There are two game drives a day, at dawn when you pile into the open safari truck in the darkness and watch the sun rise and the animals stir for another day, and the evening drive when you come home in darkness with bright eyes shining from the bush.

It is the expertise of the rangers that makes this a magical experience. Our ranger, Hendrik von Wielligh, himself born and bred on a small African farm in Namibia, knew the sound of every bird, could track wild animals, and led us, on foot, to a magically close encounter with an elephant.

There is something truly wonderful about meeting, in their own land, these extraordinary animals. We saw a herd of elephant led by a big matriarch, her son so small that he could stand under her belly.


They passed so close to the truck that we could have reached out and touched them. More scarily, they could have reached in and touched us.

They didn’t because the discipline and cleanliness of the reserve means that none of the animals associates the trucks or the lodges with food. After every stop the game wardens scour the ground so that we did, indeed, leave nothing but footprints. We saw a pride of lions lolling in the evening sun, cubs sprawling and playing with their dozing mother.

Everything we dreamt of

We saw everything we had dreamt of: hippo, rhino, giraffe, a leopard and one shadowy evening, a cheetah posed at the top of a cliff, as beautiful as a statue.

And we saw things of great beauty that I did not expect – hyena , fox and an African hare. To drive around a corner and see a great herd of impala or springbok grazing, with the telegraph- pole heads of giraffe poking out of the bush behind them, is a wonderful experience.

A nearby resort offers golf and swimming. This is Bushman Sands, under the same ownership but with the ambition of transforming the small town of Alicedale into a resort to bring prosperity to the locals.

Not only are the owners contributing to the preservation of wildlife and the greening of the countryside, they are providing employment and opportunities for local people.

At Bushman Sands you can take an evening sail on the river.

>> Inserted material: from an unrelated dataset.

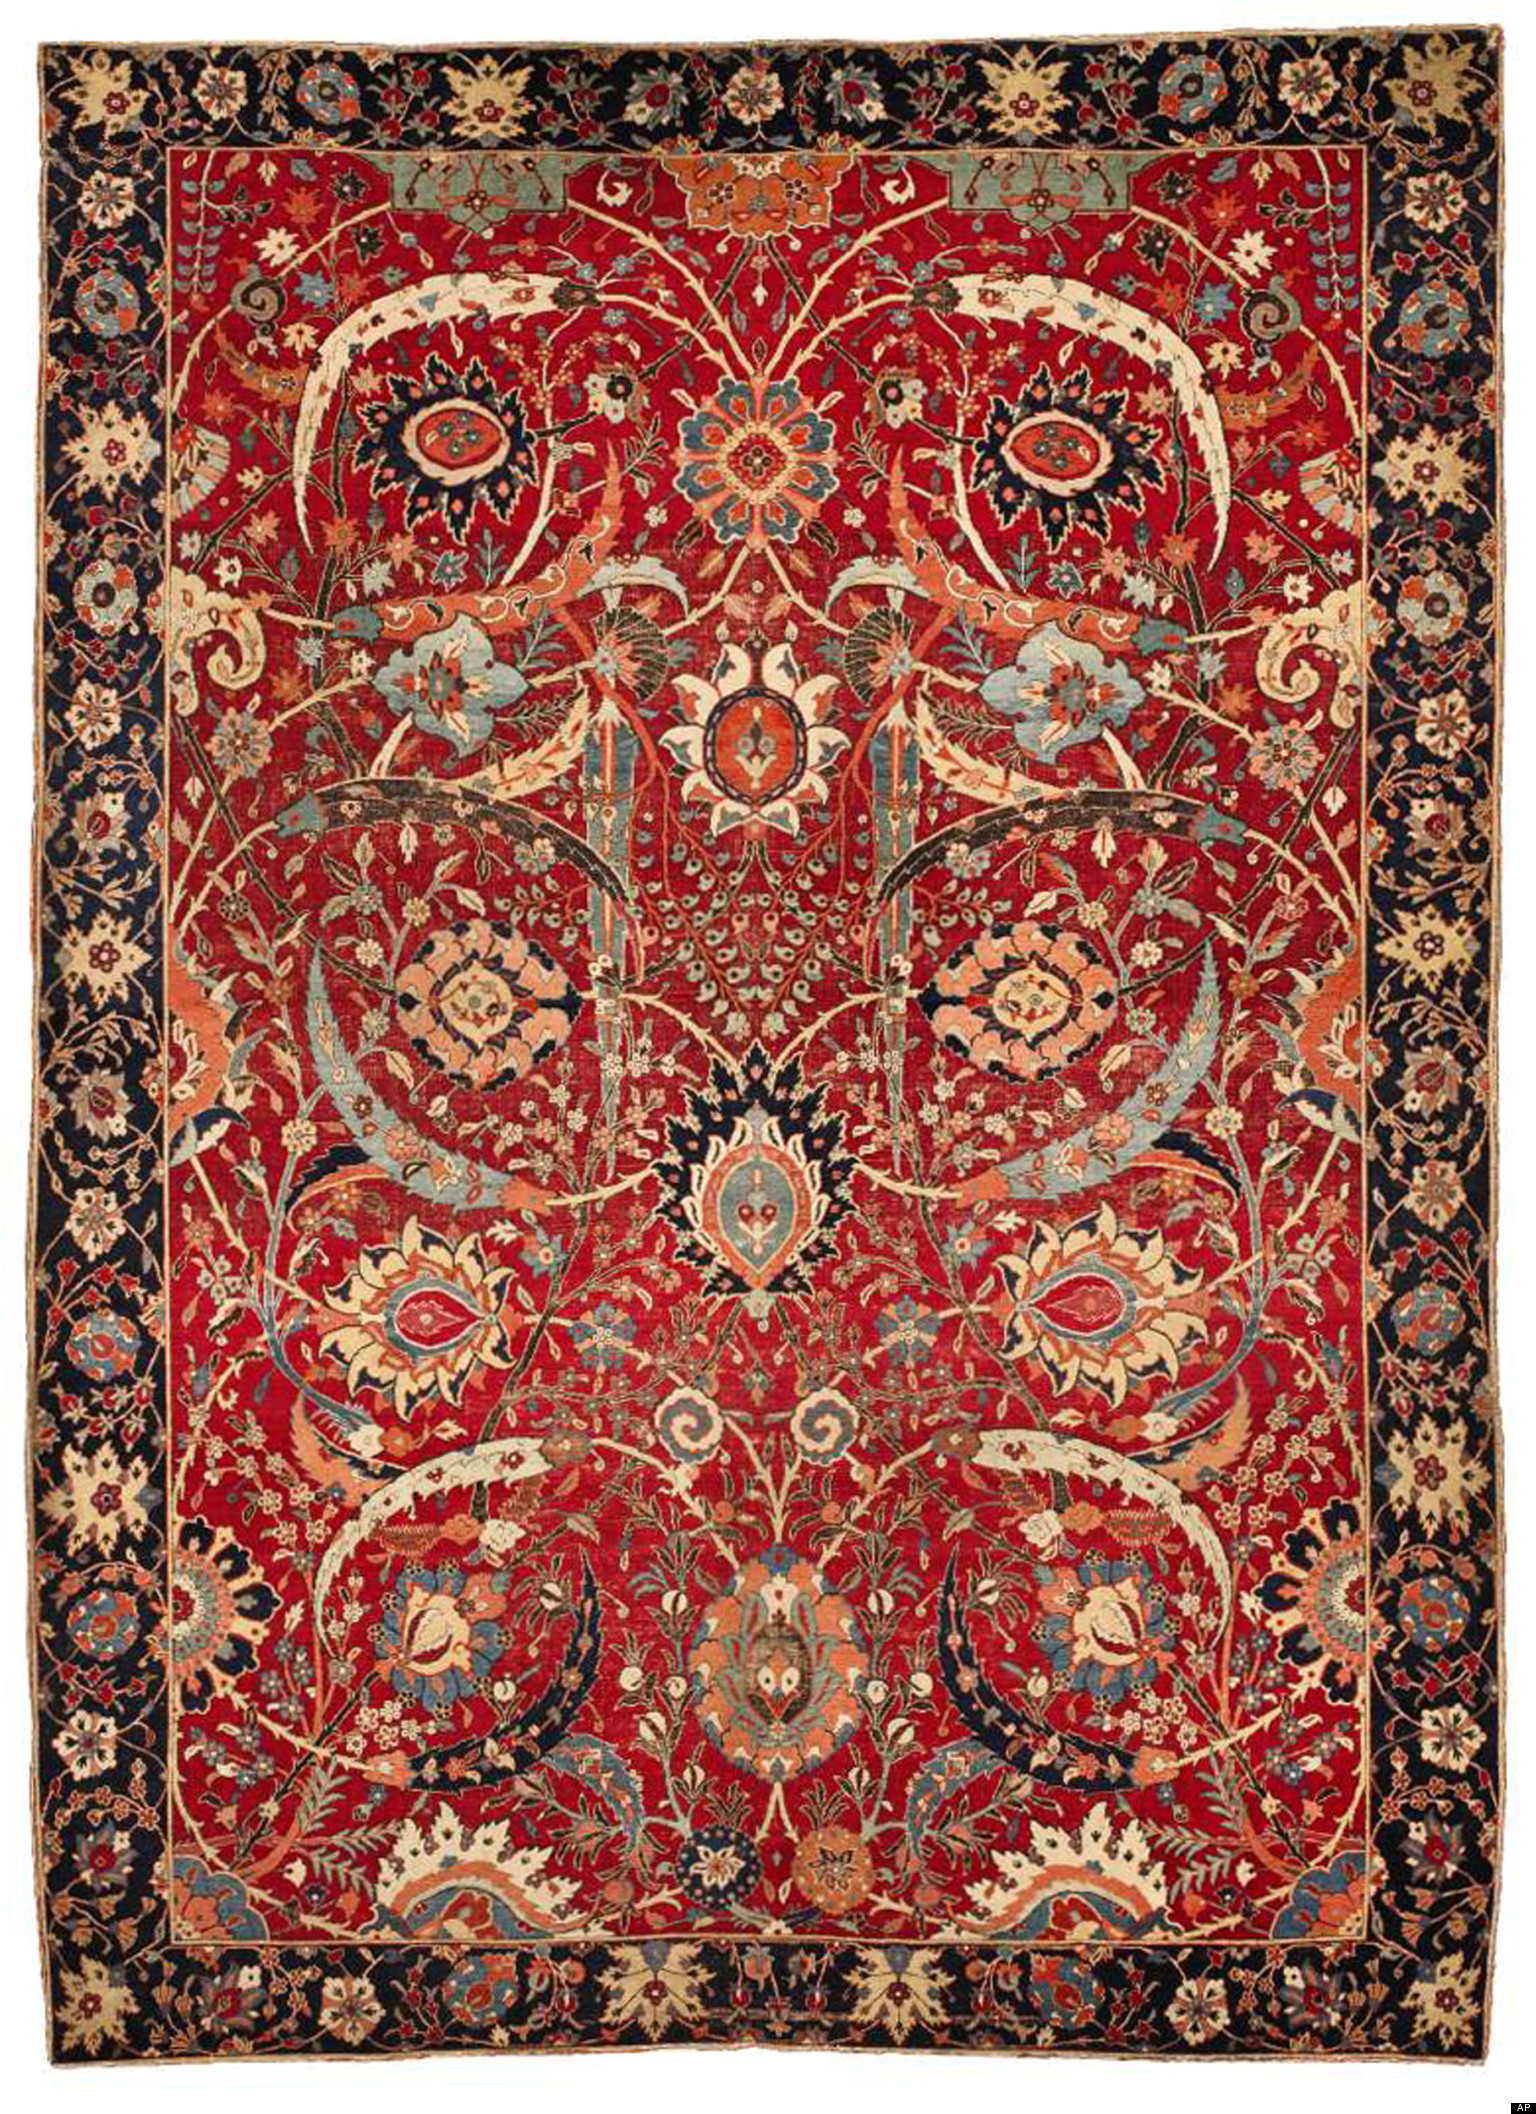 Persian Carpet photo - 5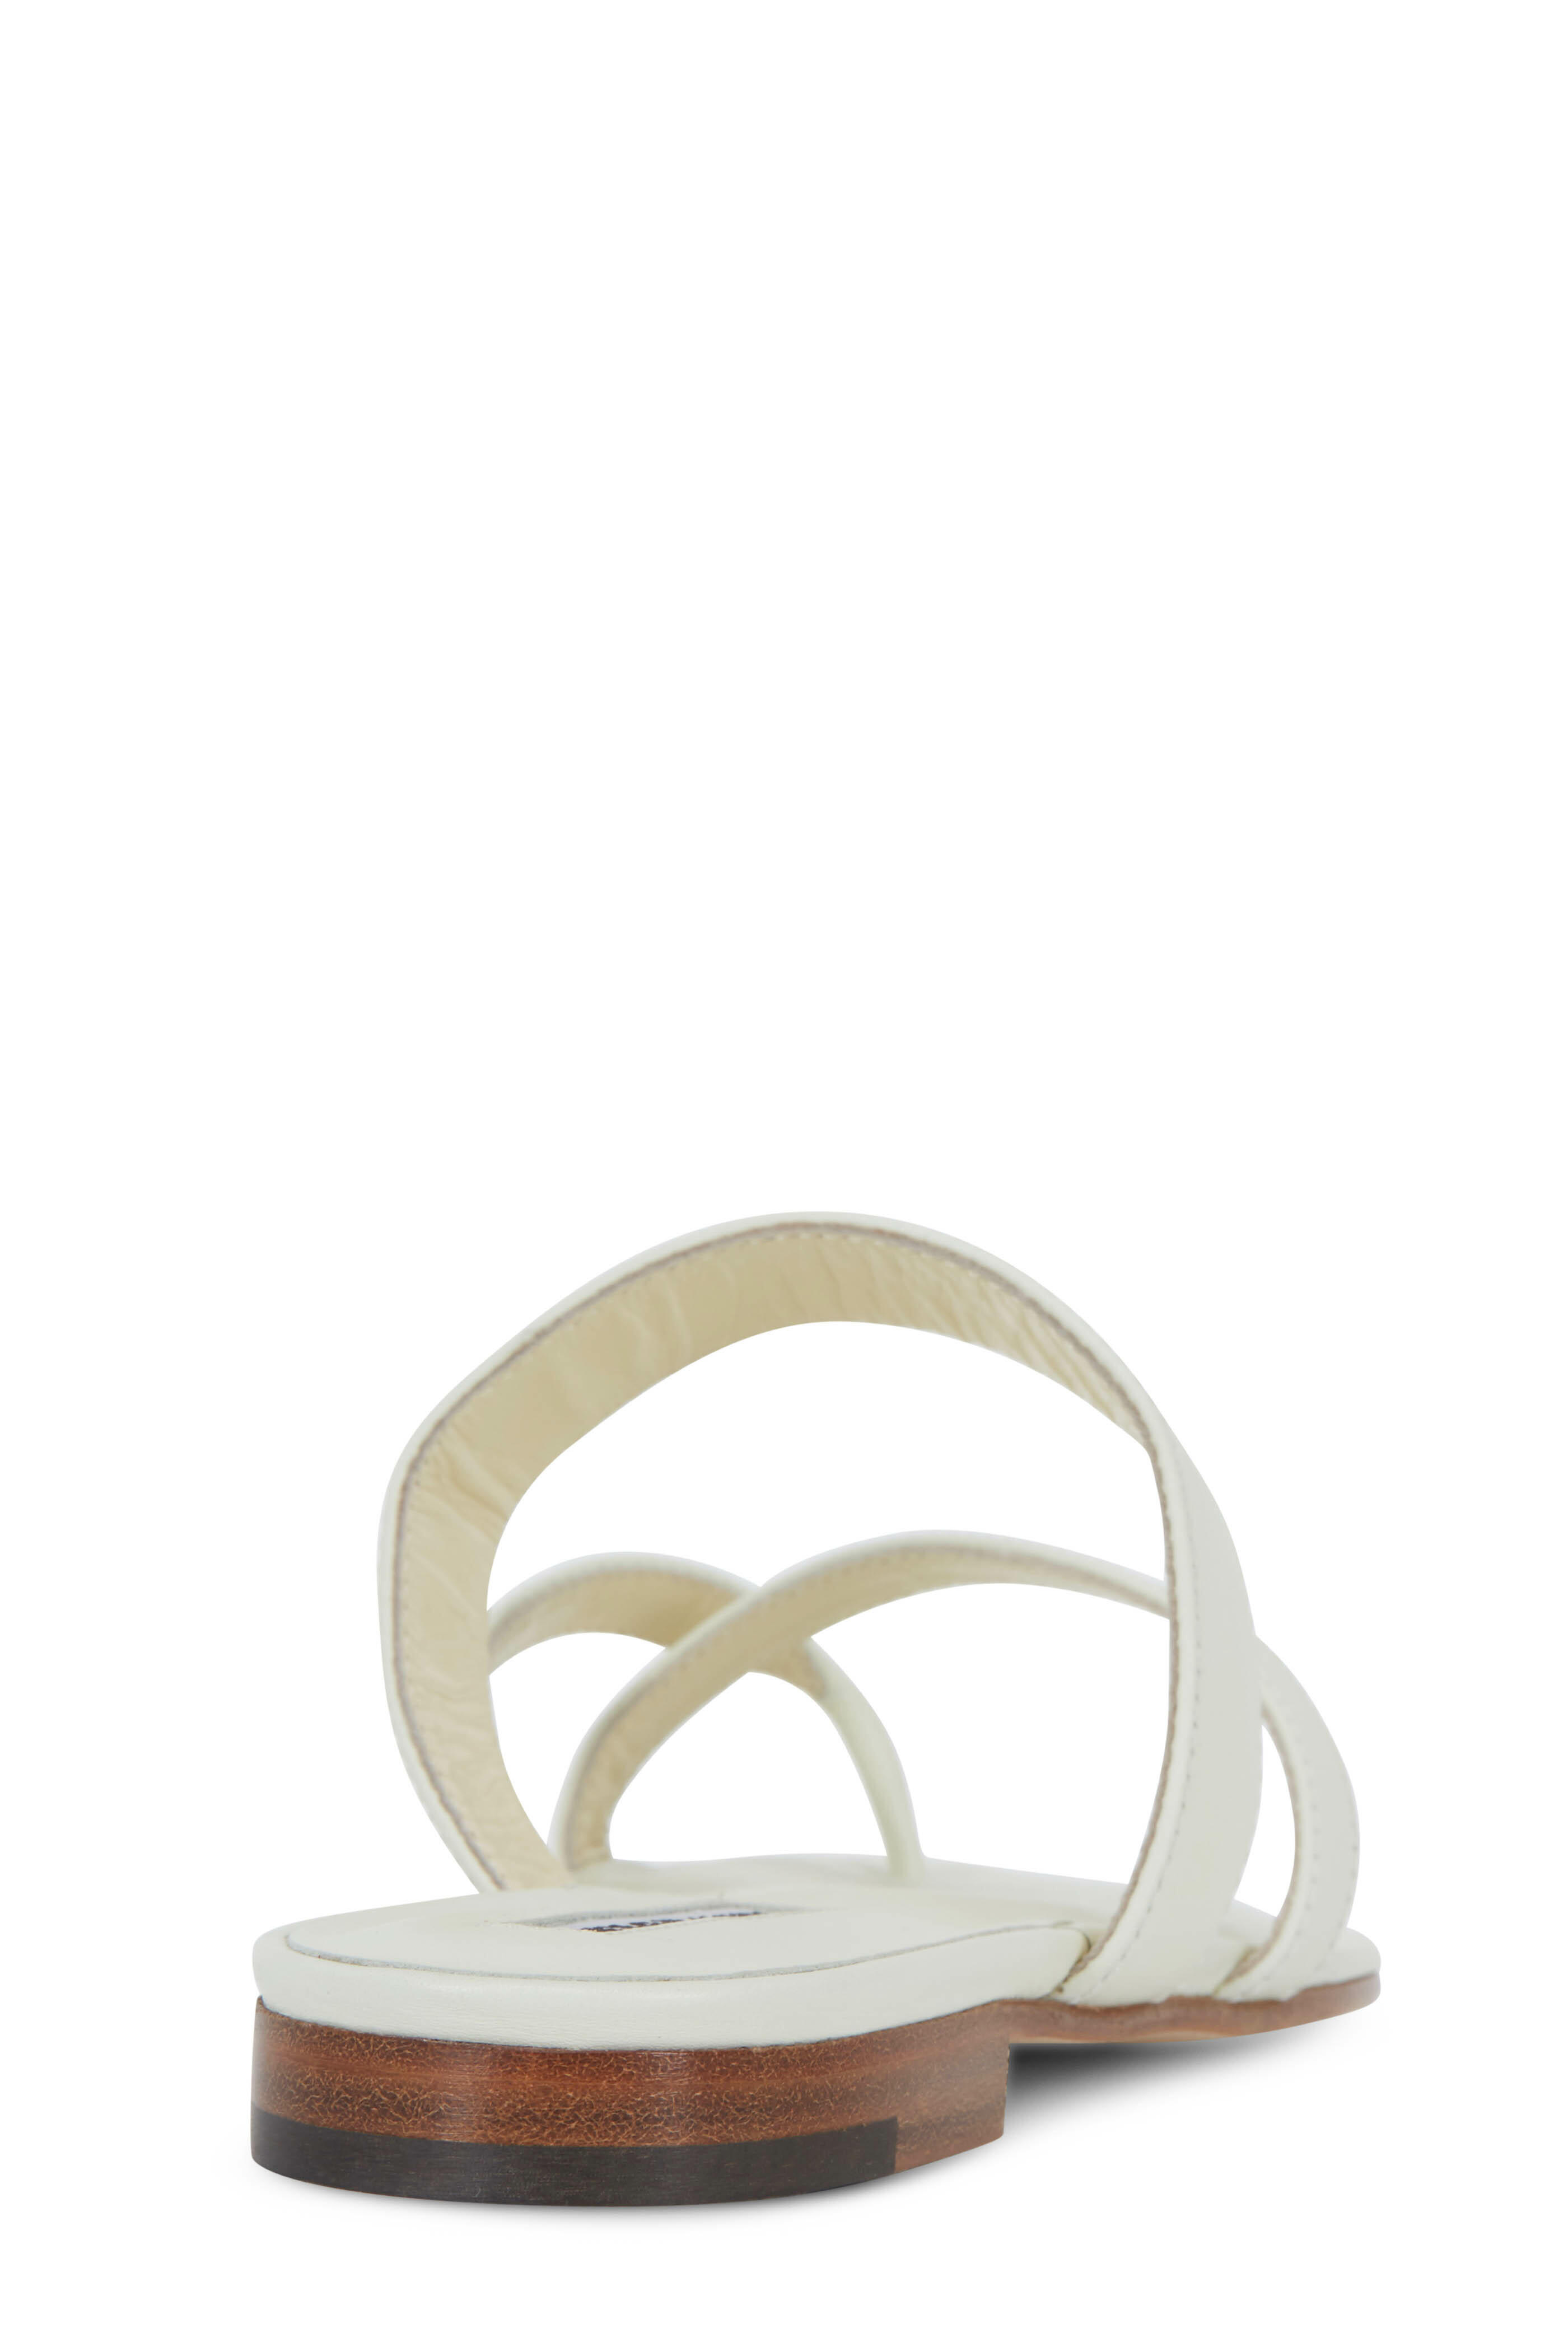 Manolo Blahnik - Susa White Leather Toe Ring Flat Sandal

Our captain steered and pointed out the wildlife – a wonderful soaring fish eagle, hippo, and dozens of scampering bush pigs who called Pumba.

Our own barmaid prepared appetisers as we cruised and we sat on the top deck enjoying the peace of the golden sunset. As we left Bushman Sands they learned they were to be the winter training camp for the South African rugby team – another step towards greater prosperity.

But all I could think about was whether they were ready for an annual literary festival – and whether I could host it?